◆ **Exercise goal**: The listing below holds pictures; exclude them. Return exactly the lines from the one with "Blauer Balkontisch, ein" through the one with "30g Metallickonfetti - Rote Herzen".

◆ **Dataset**:
------------

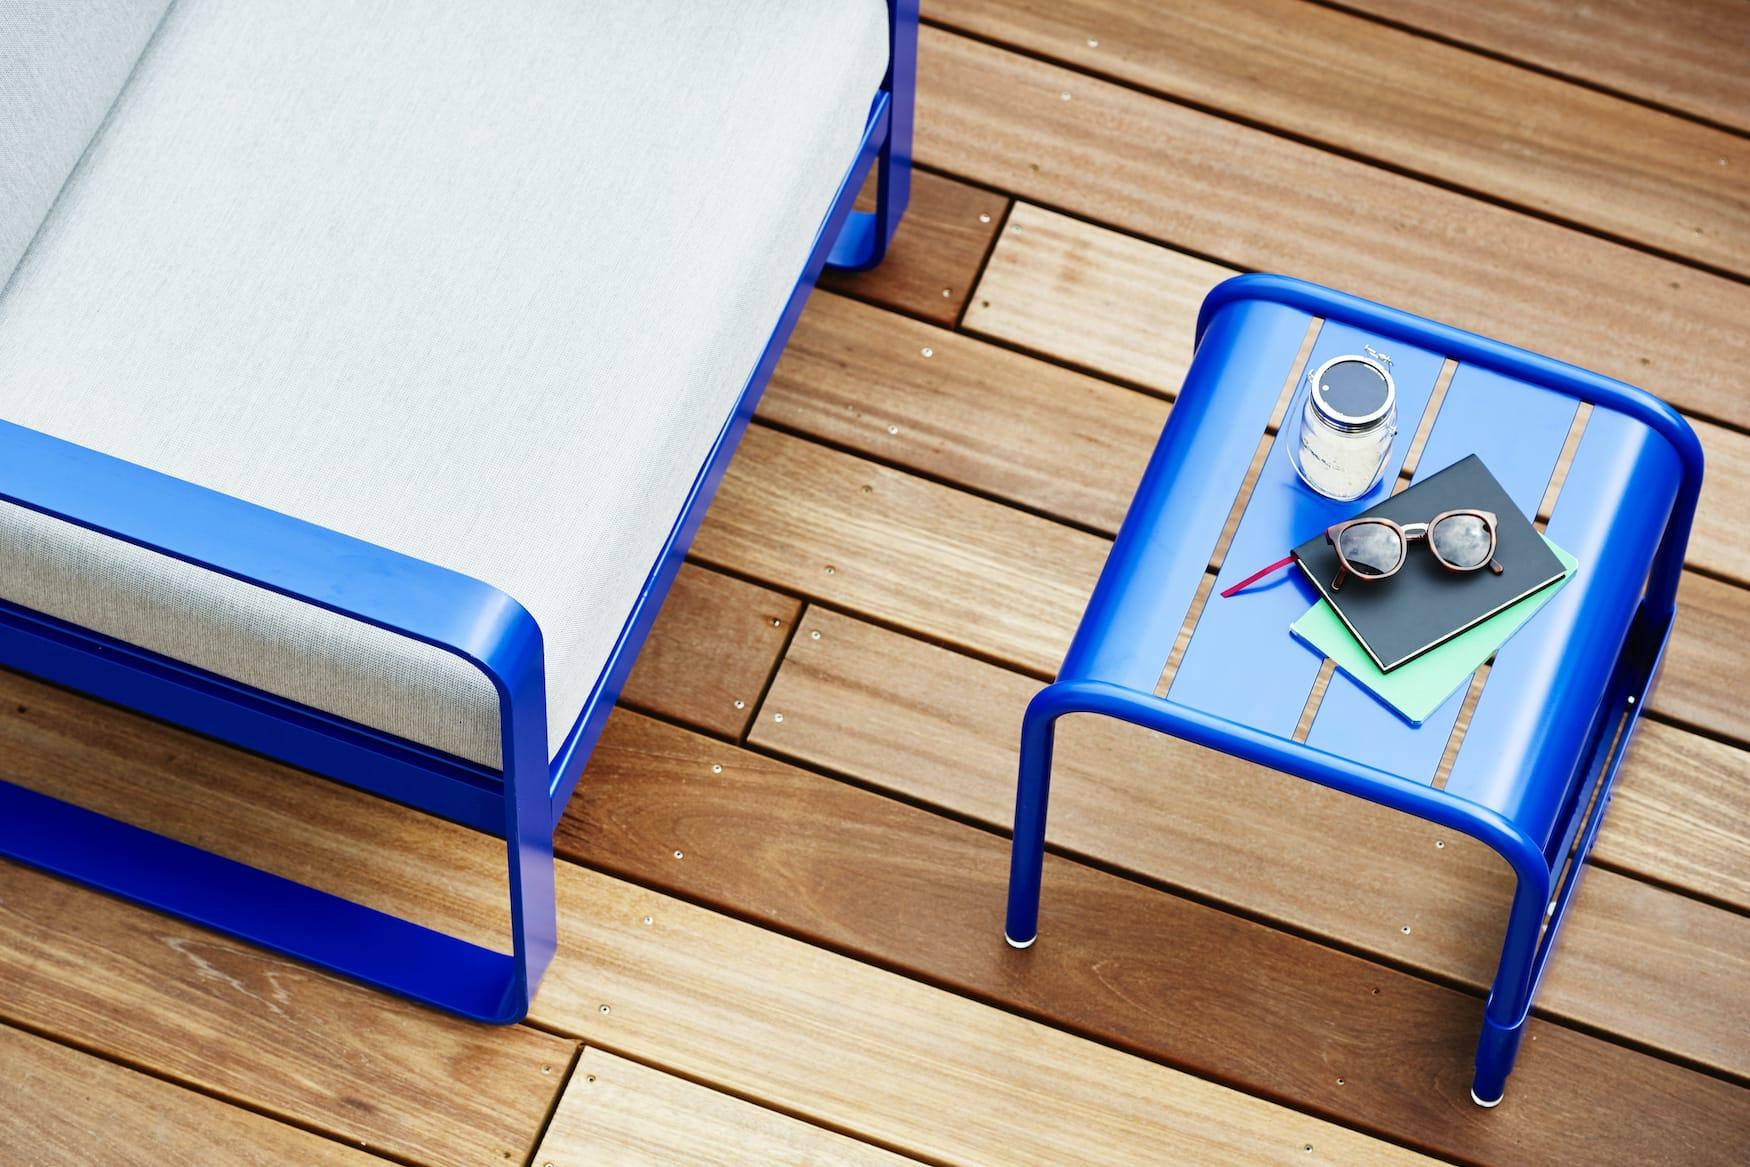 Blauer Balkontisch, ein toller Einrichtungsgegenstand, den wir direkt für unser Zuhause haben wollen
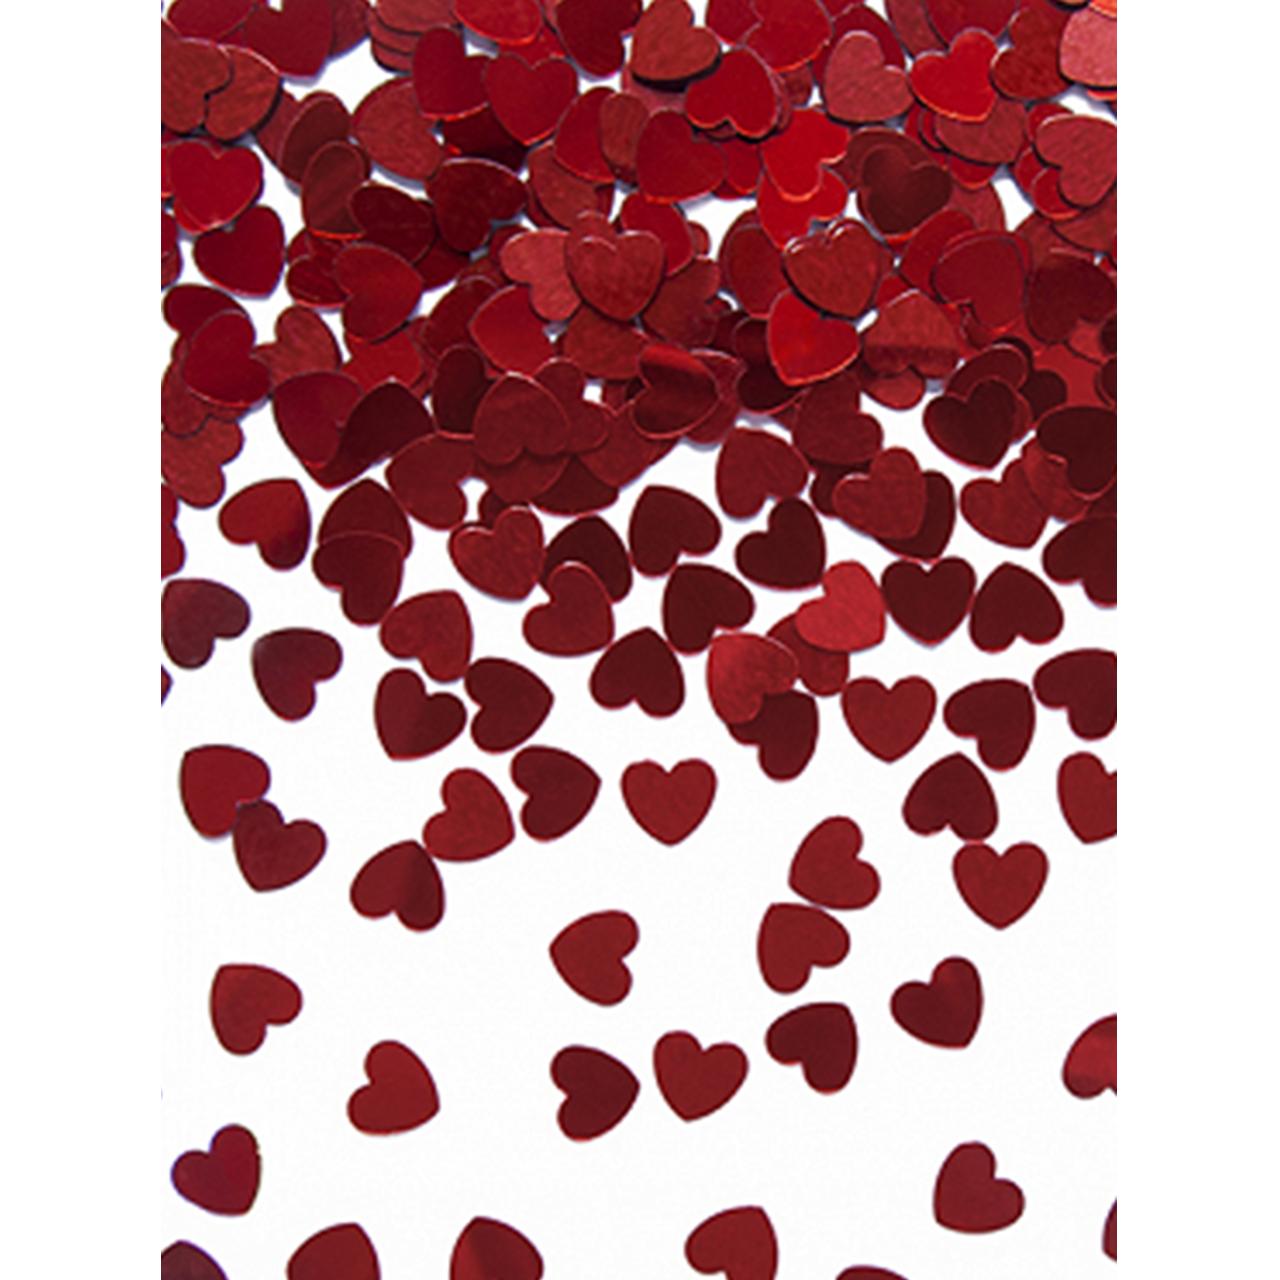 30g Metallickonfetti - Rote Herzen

------------

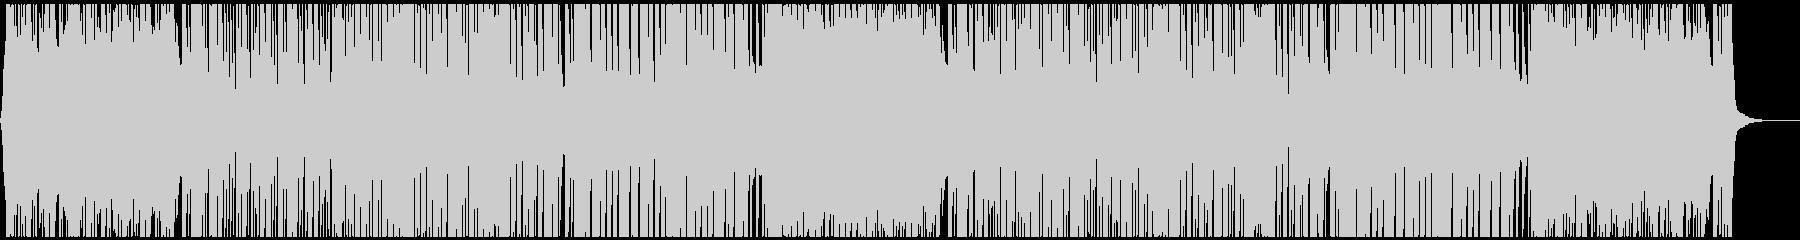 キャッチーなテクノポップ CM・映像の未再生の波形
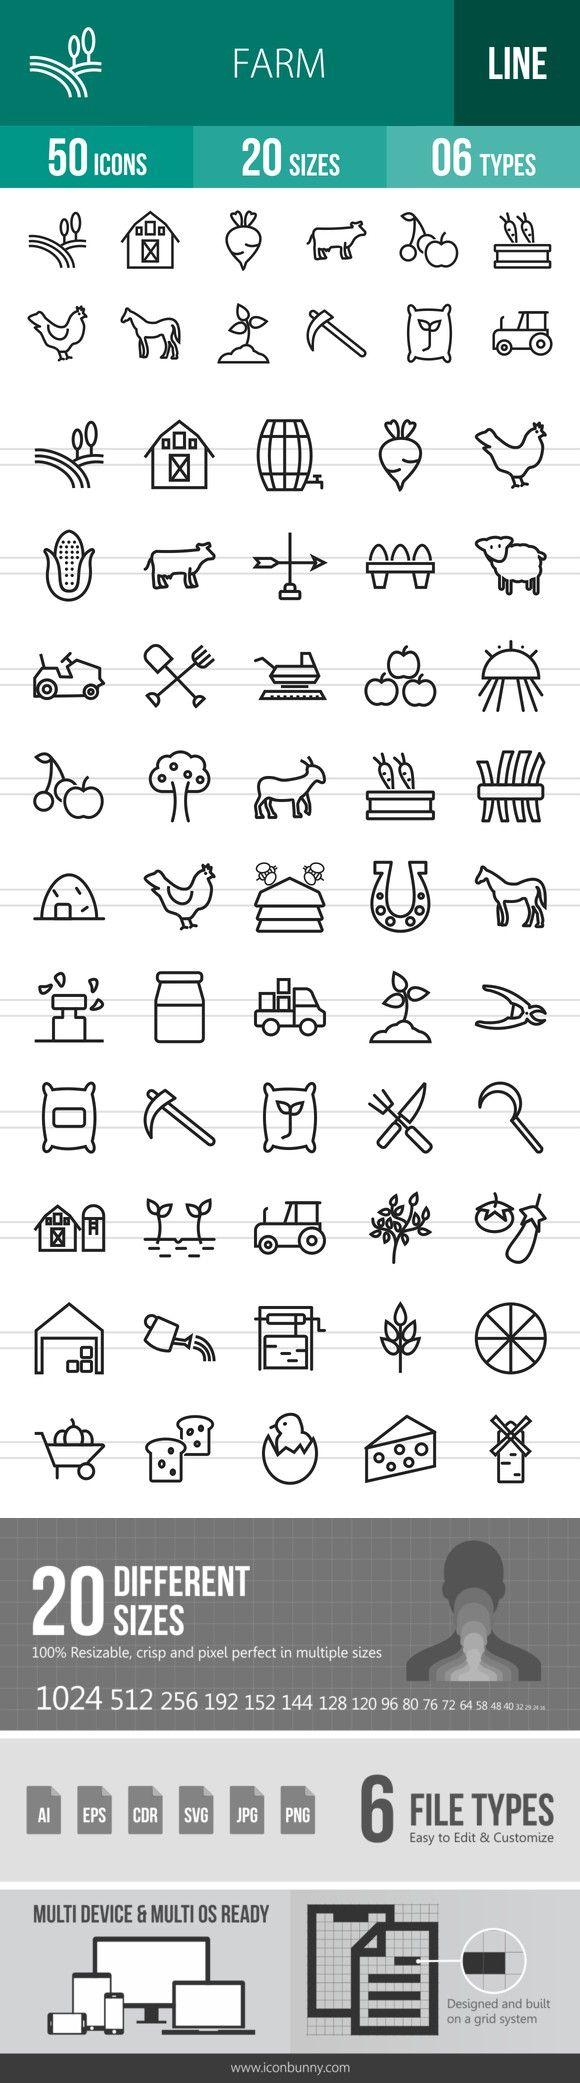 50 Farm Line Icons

------------

◆ **Response to this exercise**:
 Blauer Balkontisch, ein toller Einrichtungsgegenstand, den wir direkt für unser Zuhause haben wollen
 30g Metallickonfetti - Rote Herzen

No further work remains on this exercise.